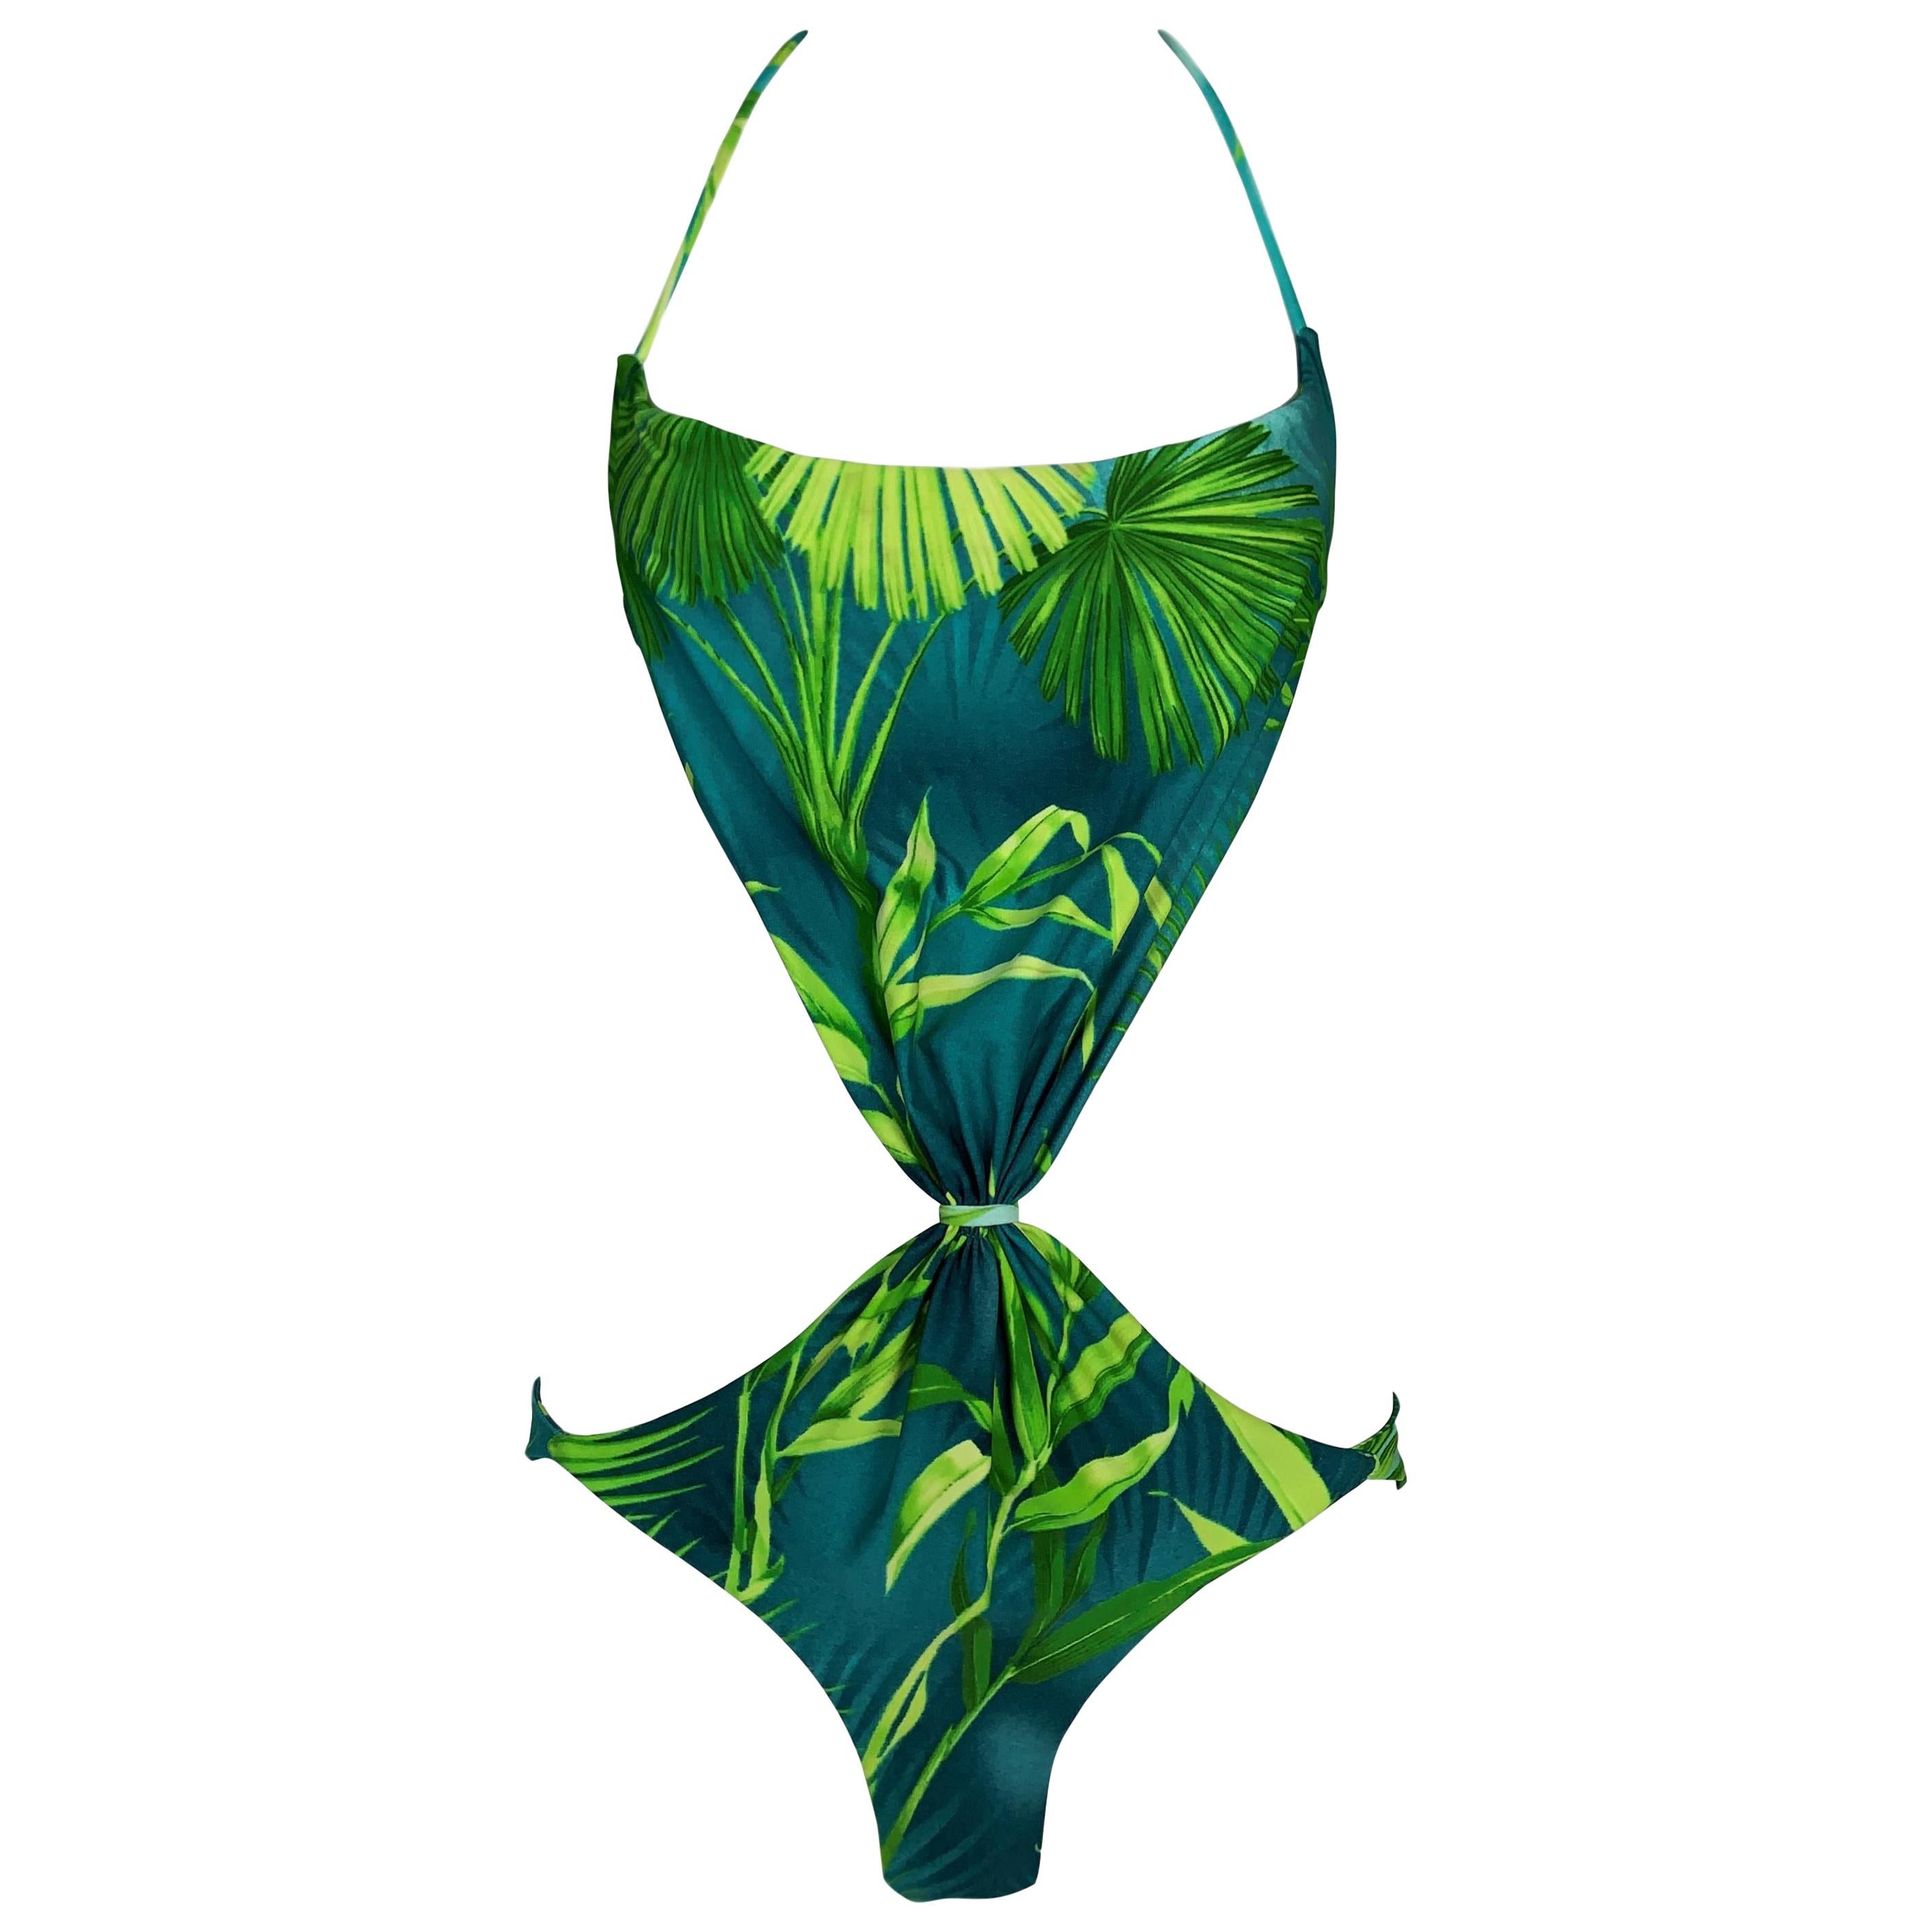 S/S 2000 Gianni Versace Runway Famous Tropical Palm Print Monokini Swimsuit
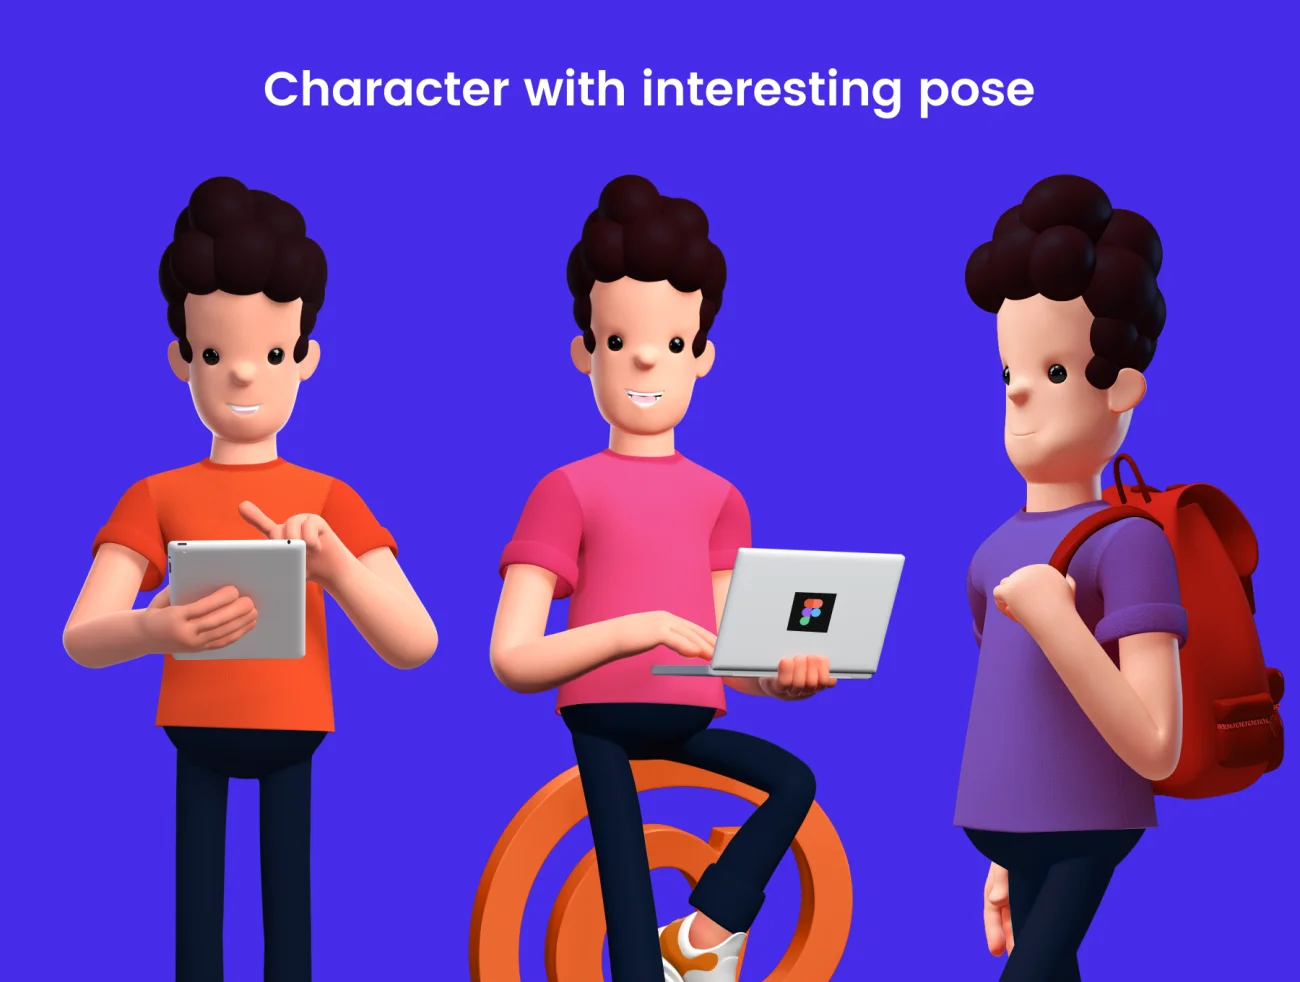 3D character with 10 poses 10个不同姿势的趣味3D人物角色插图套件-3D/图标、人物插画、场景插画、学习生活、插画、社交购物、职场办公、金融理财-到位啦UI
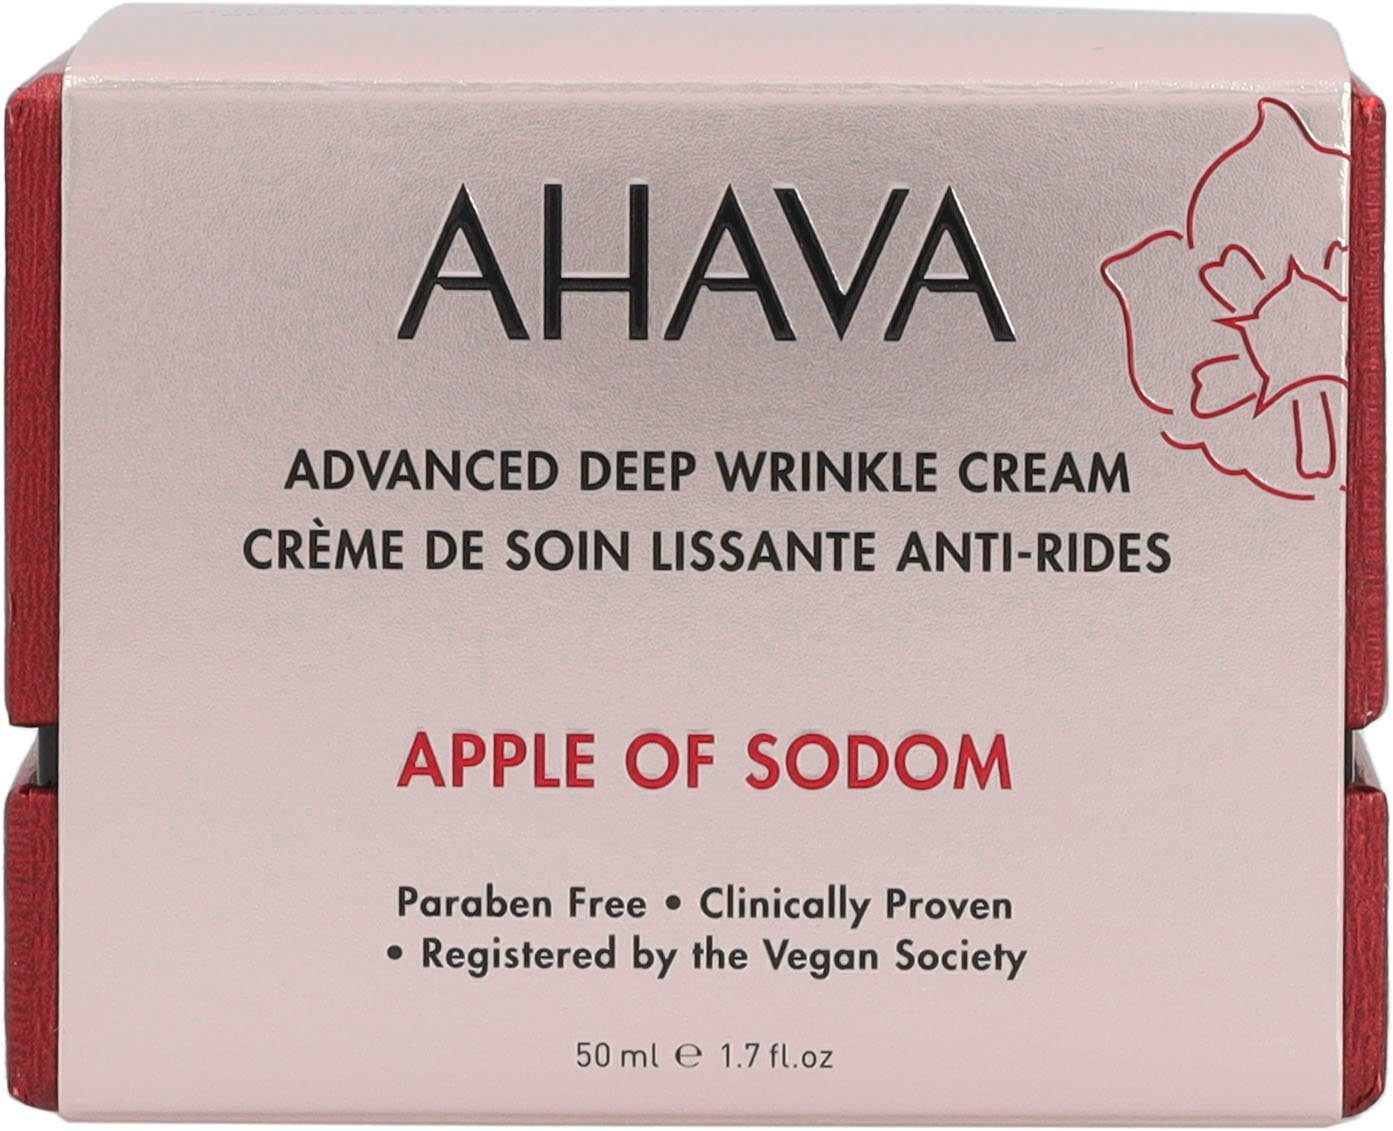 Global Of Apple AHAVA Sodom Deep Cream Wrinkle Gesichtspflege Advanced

Activity =
Everything in the preceding material must be transcribed exactly, except the images.

Task result =
 S/S 2000 Gianni Versace Runway Famous Tropical Palm Print Monokini Swimsuit
 3D character with 10 poses 10个不同姿势的趣味3D人物角色插图套件-3D/图标、人物插画、场景插画、学习生活、插画、社交购物、职场办公、金融理财-到位啦UI
 Global Of Apple AHAVA Sodom Deep Cream Wrinkle Gesichtspflege Advanced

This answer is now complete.